(Beginning of DATA FOR PROCESSING)

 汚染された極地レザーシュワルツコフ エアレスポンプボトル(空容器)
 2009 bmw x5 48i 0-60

(End of DATA FOR PROCESSING)
(Beginning of DATA FOR PROCESSING)

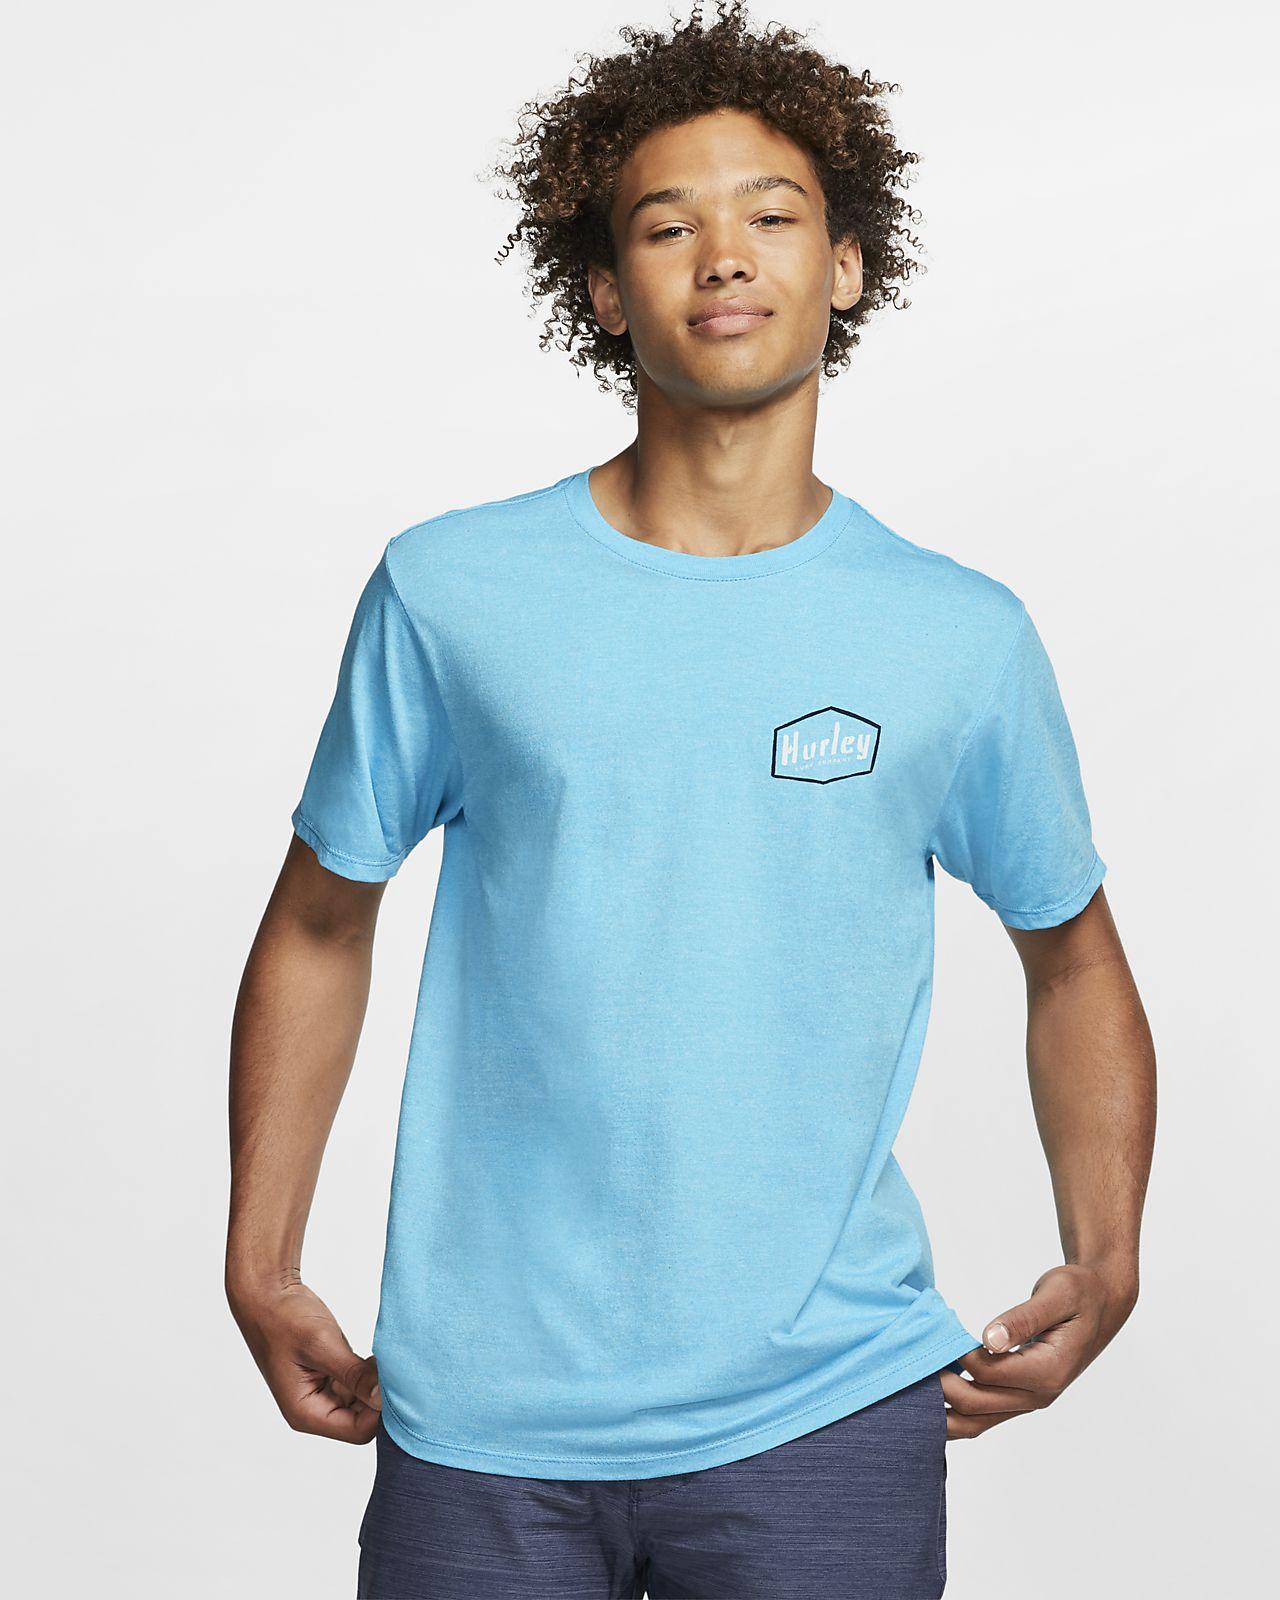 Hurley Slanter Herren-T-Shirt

(End of DATA FOR PROCESSING)
(Beginning of DATA FOR PROCESSING)

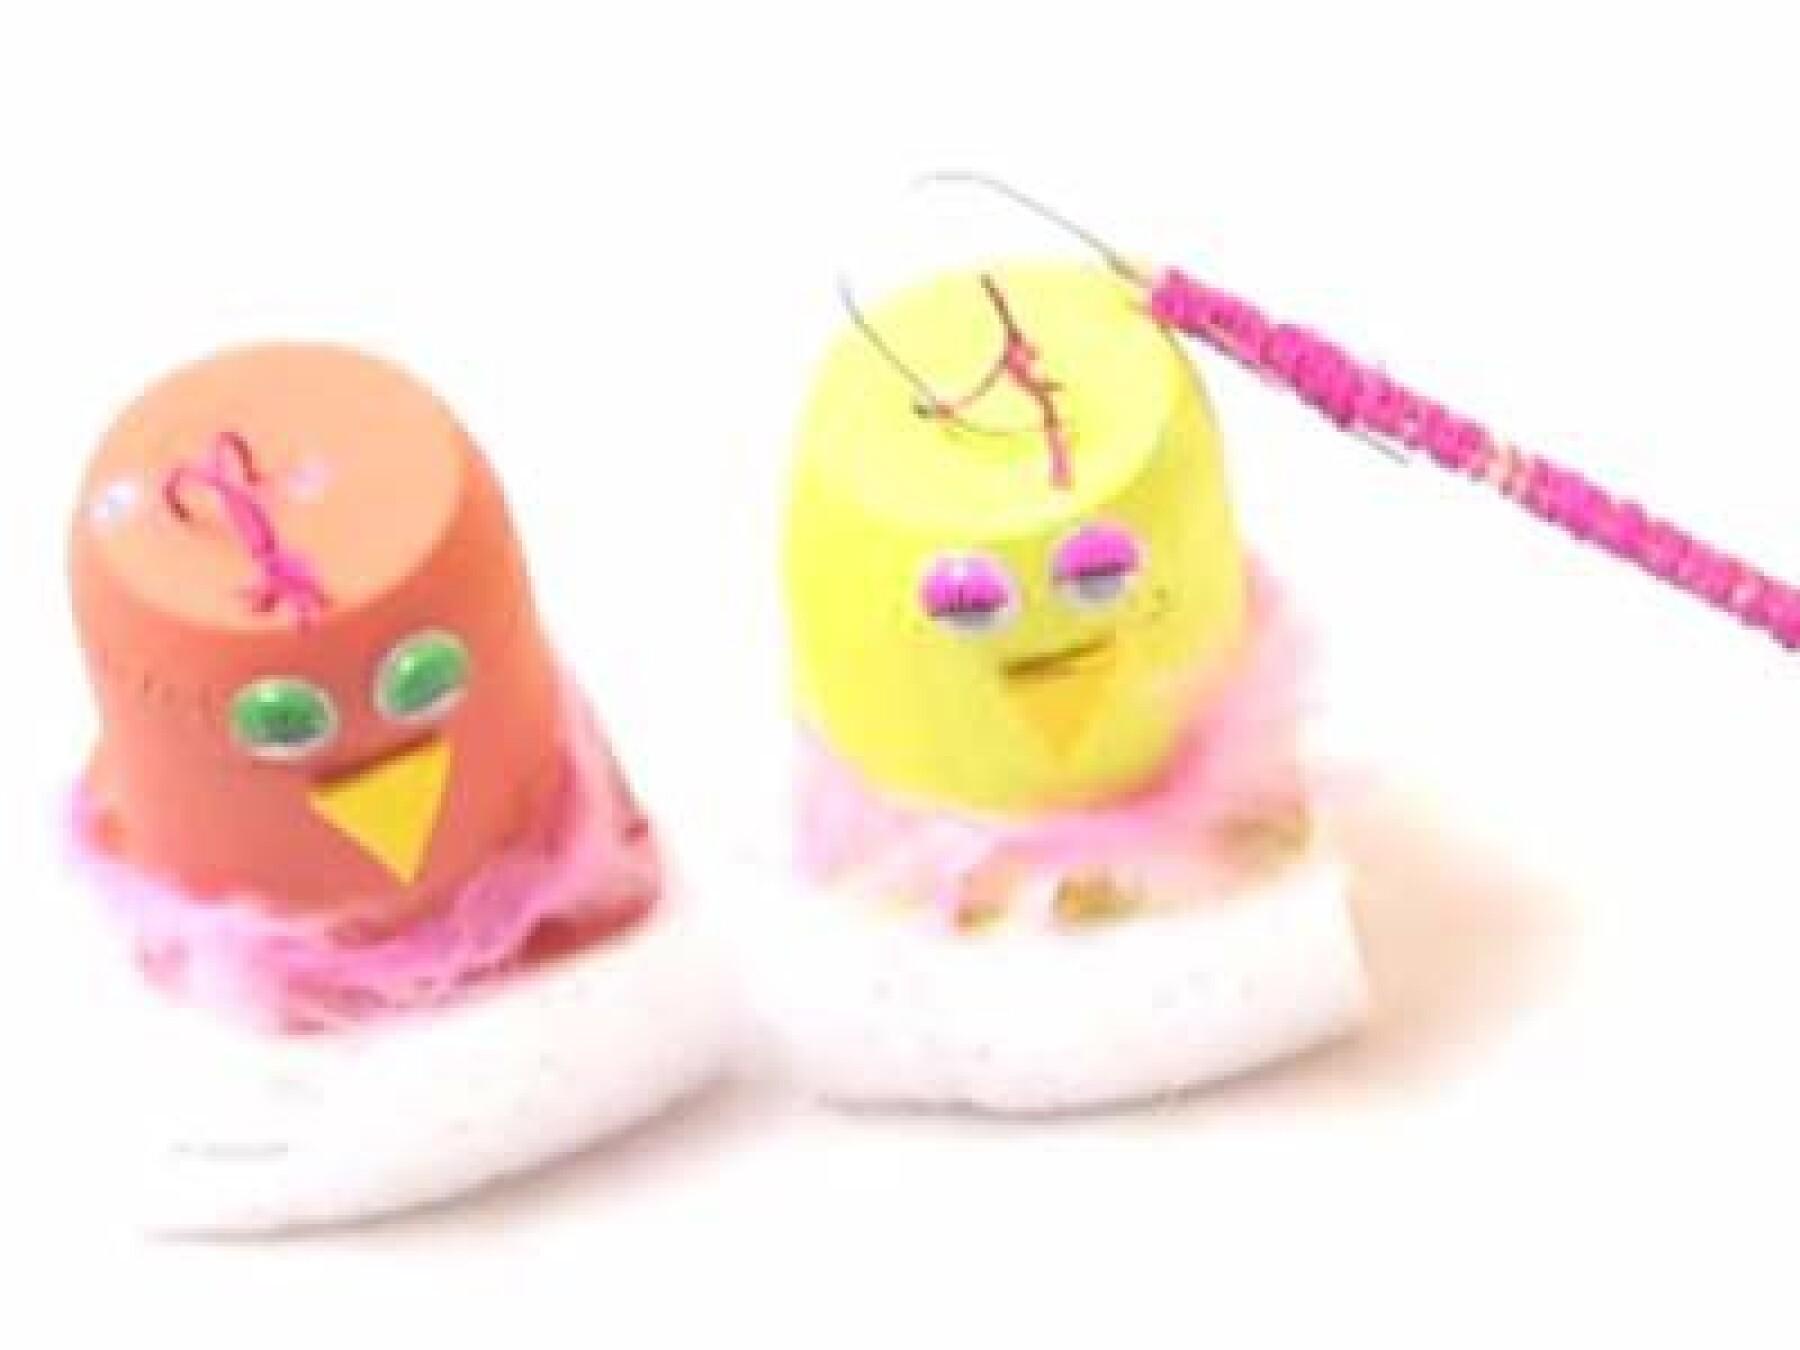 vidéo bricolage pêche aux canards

(End of DATA FOR PROCESSING)

PROMPT → In the data above, which lines lie between the line with "汚染された極地レザーシュワルツコフ エアレスポンプボトル(空容器)" and the line with "2009 bmw x5 48i 0-60", inclusive? Print those lines exactly and nothing else.

REPLY TO THE EXERCISE →
 汚染された極地レザーシュワルツコフ エアレスポンプボトル(空容器)
 2009 bmw x5 48i 0-60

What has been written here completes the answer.